Here, the bonding companies each undertook the risk of forfeiture of $100,000 a piece on Lavender's appearance bond. After Lavender absconded from the jurisdiction, the court, in its initial order of estreatment, provided a graduated scale of estreatment, allowing the companies to benefit by the earliest capture and surrender of Lavender. At the point of Lavender's apprehension, the bonding companies faced estreatment in the amount of $60,000 under the prior order.

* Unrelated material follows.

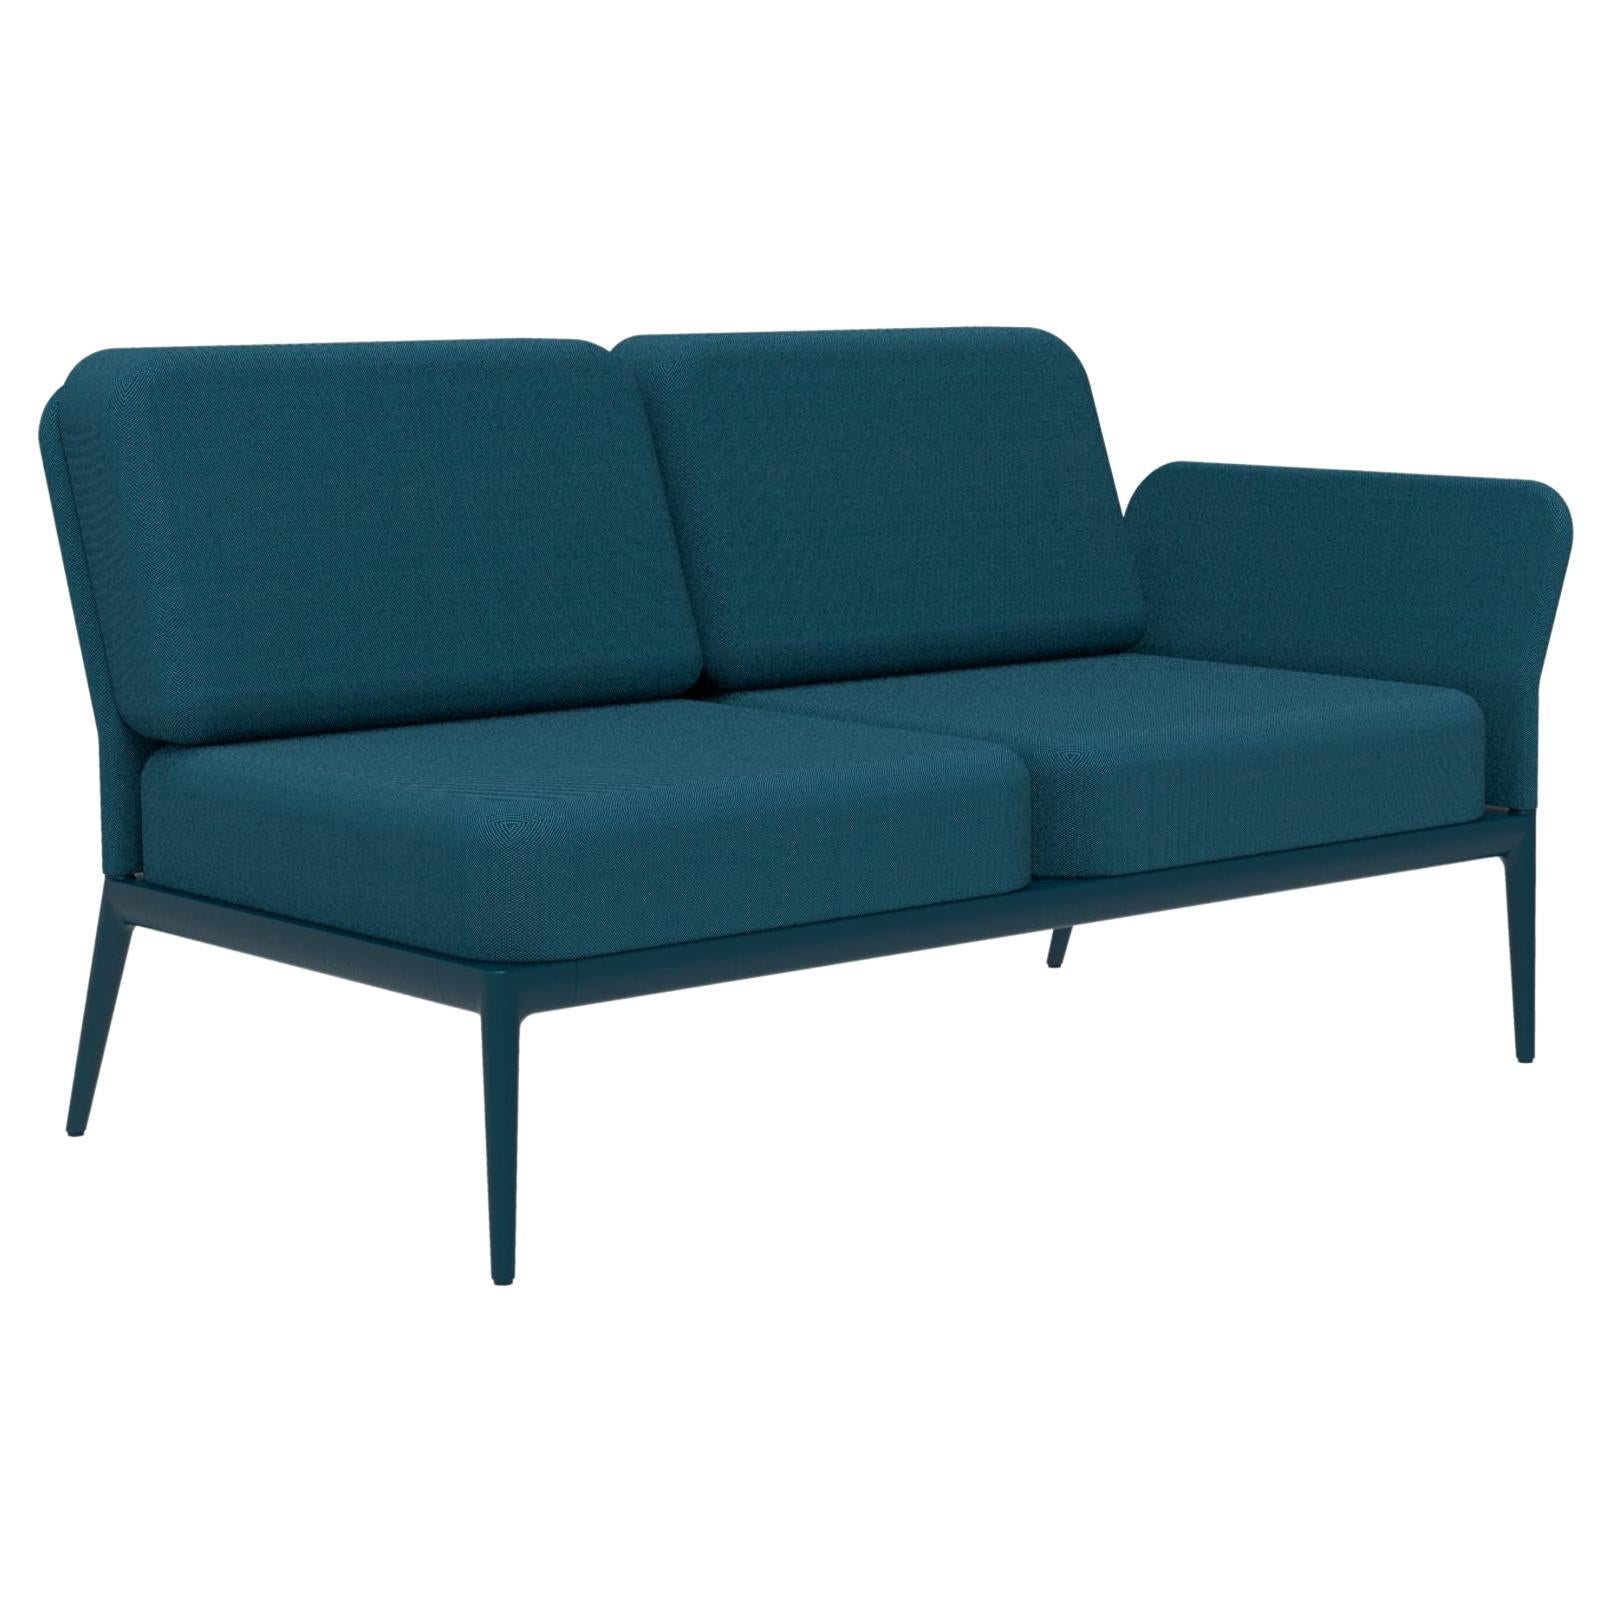 Modulares Marineblaues doppelseitiges Sofa mit Deckel von MOWEE

Upon reconsideration, and after analysis of the Ex parte Polk factors, the trial court used its discretion in remitting an additional $5,000 for each company, leaving them liable for only $55,000 on their original $100,000 potential obligations.
Based on the foregoing, we cannot say the trial court abused its discretion by ordering estreatment in the total amount of $110,000. Accordingly, the order of the trial court is
HUFF, WILLIAMS, and KONDUROS, JJ., concur.
 We decide this case without oral argument pursuant to Rule 215, SCACR.
 Apparently, Troy Bob’s real name is Tracey Bowen.
 Due to some irregularities in regard to notice of the previous estreatment order to all the parties, the court continued the hearing and the State subsequently withdrew its motion for criminal and civil contempt.
 While the bonding companies focus on the companies' actions in attempting to locate and apprehend Lavender, our courts have only indicated the focus on the willfulness component is from the perspective of the criminal defendant. See Boatwright, 310 S.C. at 284, 423 S.E.2d at 141 (noting although the criminal defendant's failure to appear was not found to be willful where he had been extradited to another state, he otherwise breached the conditions of his bond when he breached the condition of good behavior); Workman, 274 S.C. at 343-44, 263 S.E.2d at 866 (stating "[e]ven assuming Workman acted wilfully when he breached the good behavior condition of his [appeal] bond, those offenses bore no relation to the offenses for which he had been convicted and the State was not prejudiced thereby"). However, even assuming, without deciding, that the matter is properly considered in light of willfulness from the sureties' perspective, the trial court here clearly considered in its order the efforts of the bonding companies to apprehend Lavender in regard to the willfulness of default factor.